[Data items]
-- Opening Marker --

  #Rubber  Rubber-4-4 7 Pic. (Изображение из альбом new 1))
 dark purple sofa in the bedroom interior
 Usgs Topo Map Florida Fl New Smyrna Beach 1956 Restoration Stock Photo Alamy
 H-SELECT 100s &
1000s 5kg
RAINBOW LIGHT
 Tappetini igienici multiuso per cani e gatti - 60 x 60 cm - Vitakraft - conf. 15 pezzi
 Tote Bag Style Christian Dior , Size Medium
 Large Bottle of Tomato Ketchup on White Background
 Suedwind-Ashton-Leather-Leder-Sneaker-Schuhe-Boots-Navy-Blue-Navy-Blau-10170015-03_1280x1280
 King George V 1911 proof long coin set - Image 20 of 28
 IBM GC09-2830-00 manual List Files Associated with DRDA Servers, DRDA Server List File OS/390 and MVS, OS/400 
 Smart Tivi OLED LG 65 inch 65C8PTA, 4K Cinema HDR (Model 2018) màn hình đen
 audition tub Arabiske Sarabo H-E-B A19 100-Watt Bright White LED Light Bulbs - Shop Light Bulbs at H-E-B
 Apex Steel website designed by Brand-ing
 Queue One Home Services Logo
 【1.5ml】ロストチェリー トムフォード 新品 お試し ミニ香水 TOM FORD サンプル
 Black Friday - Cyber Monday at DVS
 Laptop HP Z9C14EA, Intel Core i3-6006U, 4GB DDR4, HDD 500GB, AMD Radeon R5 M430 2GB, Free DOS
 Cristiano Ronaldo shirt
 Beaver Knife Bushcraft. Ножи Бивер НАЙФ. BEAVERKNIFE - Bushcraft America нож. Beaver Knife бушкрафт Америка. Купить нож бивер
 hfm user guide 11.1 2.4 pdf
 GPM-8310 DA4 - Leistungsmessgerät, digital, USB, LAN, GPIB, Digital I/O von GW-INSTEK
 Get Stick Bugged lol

-- Closing Marker --

▶ **Task objective**: Take the entries and copy them out exactly.

▶ **Solution to this task**:
  #Rubber  Rubber-4-4 7 Pic. (Изображение из альбом new 1))
 dark purple sofa in the bedroom interior
 Usgs Topo Map Florida Fl New Smyrna Beach 1956 Restoration Stock Photo Alamy
 H-SELECT 100s &
1000s 5kg
RAINBOW LIGHT
 Tappetini igienici multiuso per cani e gatti - 60 x 60 cm - Vitakraft - conf. 15 pezzi
 Tote Bag Style Christian Dior , Size Medium
 Large Bottle of Tomato Ketchup on White Background
 Suedwind-Ashton-Leather-Leder-Sneaker-Schuhe-Boots-Navy-Blue-Navy-Blau-10170015-03_1280x1280
 King George V 1911 proof long coin set - Image 20 of 28
 IBM GC09-2830-00 manual List Files Associated with DRDA Servers, DRDA Server List File OS/390 and MVS, OS/400 
 Smart Tivi OLED LG 65 inch 65C8PTA, 4K Cinema HDR (Model 2018) màn hình đen
 audition tub Arabiske Sarabo H-E-B A19 100-Watt Bright White LED Light Bulbs - Shop Light Bulbs at H-E-B
 Apex Steel website designed by Brand-ing
 Queue One Home Services Logo
 【1.5ml】ロストチェリー トムフォード 新品 お試し ミニ香水 TOM FORD サンプル
 Black Friday - Cyber Monday at DVS
 Laptop HP Z9C14EA, Intel Core i3-6006U, 4GB DDR4, HDD 500GB, AMD Radeon R5 M430 2GB, Free DOS
 Cristiano Ronaldo shirt
 Beaver Knife Bushcraft. Ножи Бивер НАЙФ. BEAVERKNIFE - Bushcraft America нож. Beaver Knife бушкрафт Америка. Купить нож бивер
 hfm user guide 11.1 2.4 pdf
 GPM-8310 DA4 - Leistungsmessgerät, digital, USB, LAN, GPIB, Digital I/O von GW-INSTEK
 Get Stick Bugged lol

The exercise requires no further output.